Cependant, cette tendance ne s'arrête pas à Clinton. Elle s'est propagée au fur et à mesure que d'autres femmes publiques ont été accusées de corruption ou d'abus de pouvoir, ou même de comportement sexuel inapproprié. Ce phénomène a été exacerbé par le mouvement #MeToo, qui a mis en lumière les abus sexuels répandus dans le milieu du cinéma, mais aussi dans d'autres sphères professionnelles. Le cas de Harvey Weinstein, producteur accusé de multiples agressions sexuelles, a eu un impact profond en montrant que l'impunité dont jouissaient certains hommes puissants pouvait être remise en question. Cependant, cette dynamique a également révélé les fractures entre les femmes victimes d'abus et la manière dont les hommes accusés, comme Brett Kavanaugh, ont été protégés et sympathisés par une partie du public, malgré les accusations portées contre eux.
Lorsque Kavanaugh a été accusé de tentative de viol par Christine Blasey Ford, les audiences de confirmation pour sa nomination à la Cour suprême ont dégénéré en un affrontement politique majeur. Alors que Ford témoignait, Kavanaugh se positionnait en victime, accusant les accusatrices d'un complot contre lui, une stratégie qui s'inscrit parfaitement dans ce que Kate Manne appelle "l'himpathie", cette tendance à ressentir de la pitié pour les hommes accusés de comportements misogynes. Le soutien de Trump à Kavanaugh et ses récits dévalorisants à l'égard de Ford ont ravivé la polarisation des genres en politique, avec la foule qui scandait à nouveau "Lock her up!", cette fois en référence à Ford, une autre femme qui osait se dresser contre un homme puissant.

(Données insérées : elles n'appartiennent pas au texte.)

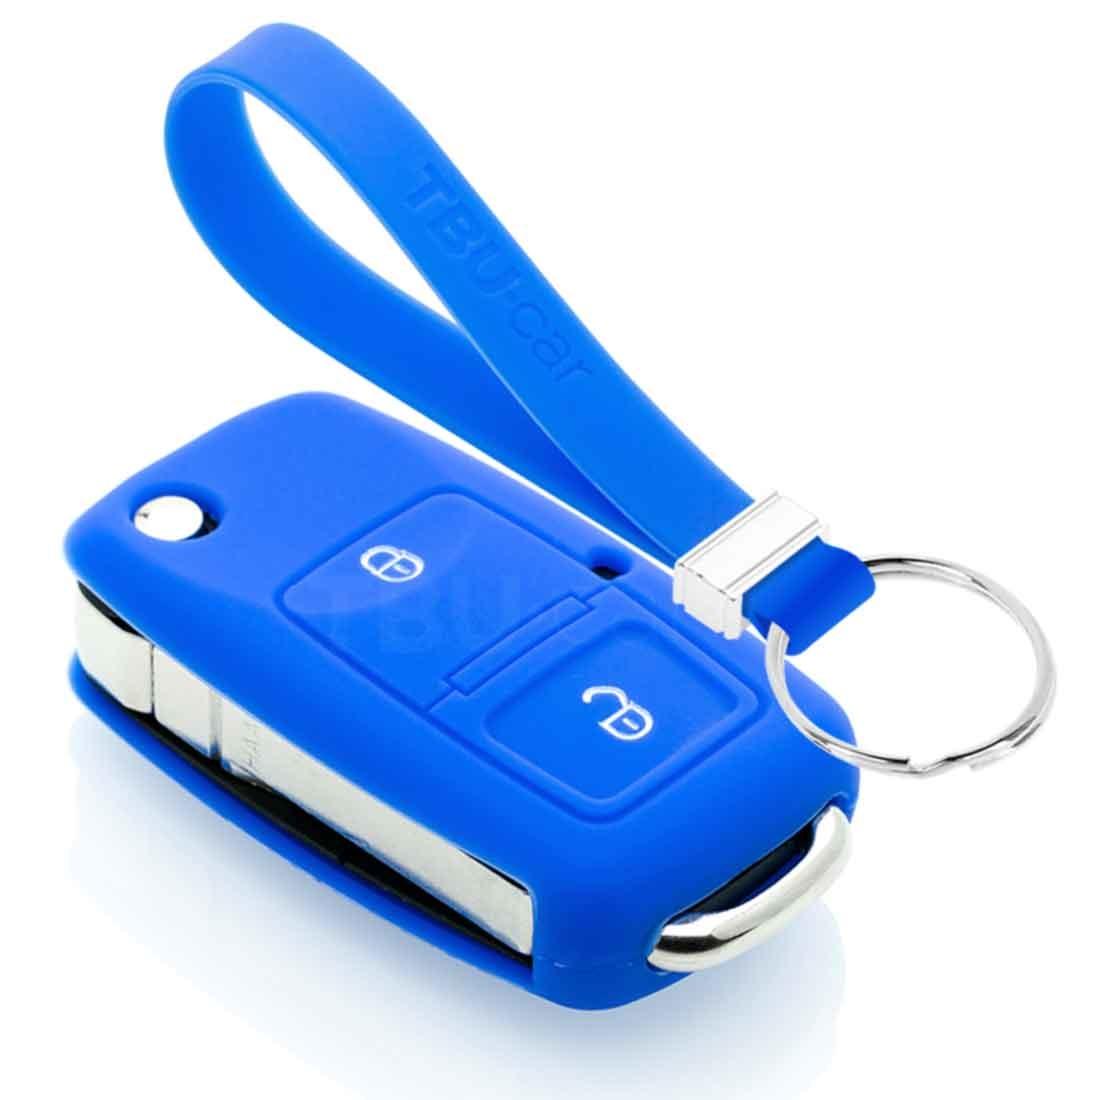 TBU car TBU car Funda Carcasa llave compatible con Audi - Funda de Silicona - Cover de Llave Coche - Azul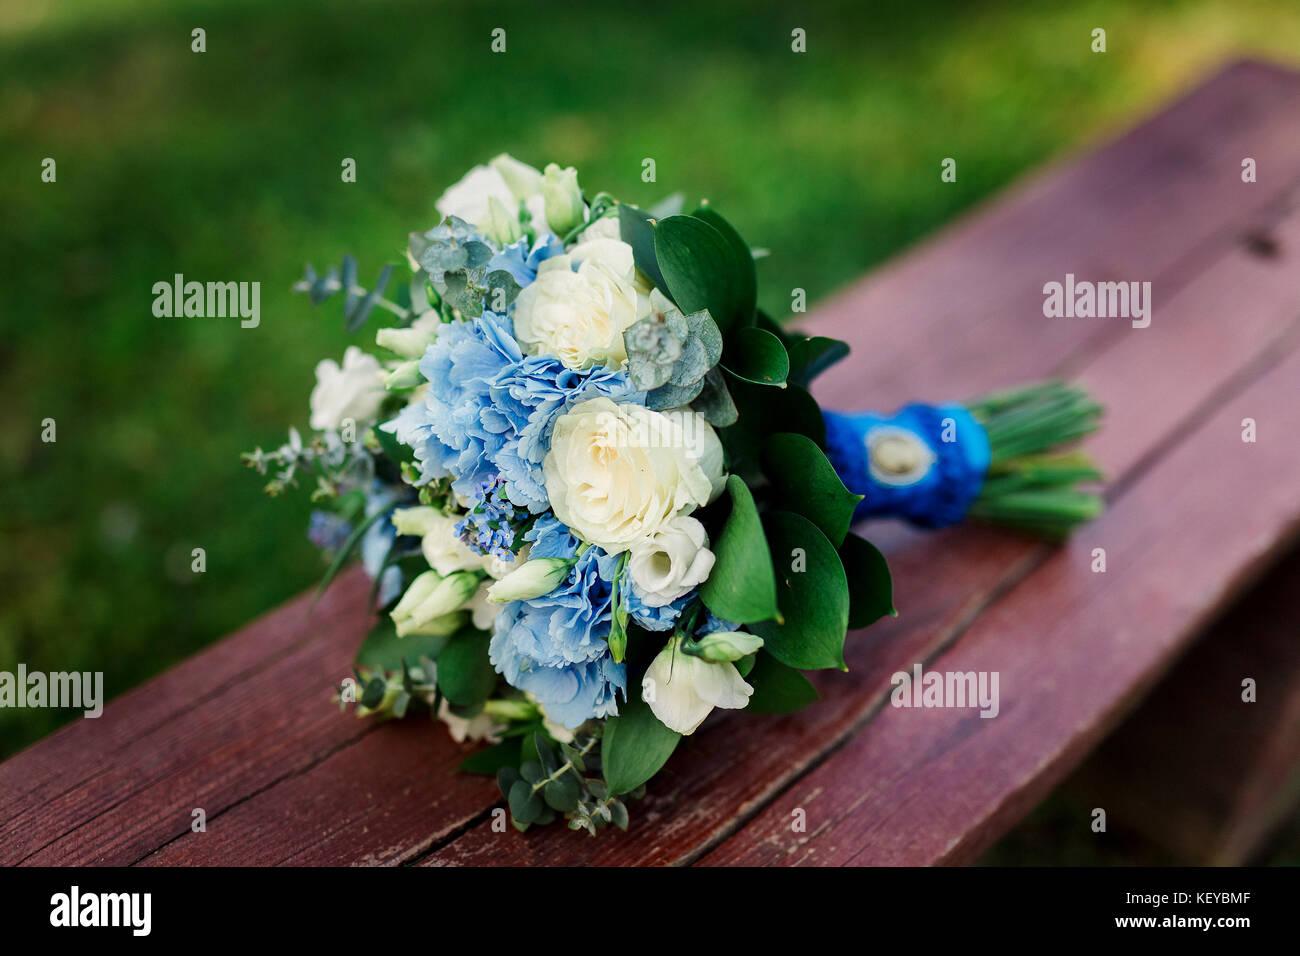 Beautiful blue and white fresh flowers wedding bouquet wedding beautiful blue and white fresh flowers wedding bouquet wedding details izmirmasajfo

Les femmes qui occupent des positions publiques ou politiques sont donc constamment sous surveillance, non seulement pour leurs actions mais aussi pour leur identité de genre. Elles doivent naviguer un terrain miné où chaque écart, chaque "faute", peut être interprété comme une transgression de l'ordre établi, une tentative de s'approprier des ressources ou des pouvoirs qui ne leur reviendraient pas. Le cadre de la corruption, loin d'être simplement un concept moral ou légal, devient un instrument de régulation sociale et politique qui fonctionne selon des logiques de genre profondément ancrées.
Dans ce contexte, les femmes en politique sont confrontées à une double peine : leur pouvoir est souvent vu comme suspect, et leur capacité à naviguer les sphères publique et privée est jugée sous l’angle d’une déviation de la norme. Ce processus de jugement, qui attribue à certaines femmes des motivations privées derrière leurs actions publiques, renforce les stéréotypes sexistes et fait partie d’un cycle où l’image de la femme en politique reste profondément marquée par les attentes traditionnelles liées au genre. Ce phénomène n'est pas seulement une question de perception, mais aussi un outil puissant dans les luttes de pouvoir et de représentation qui se déroulent sur la scène politique mondiale.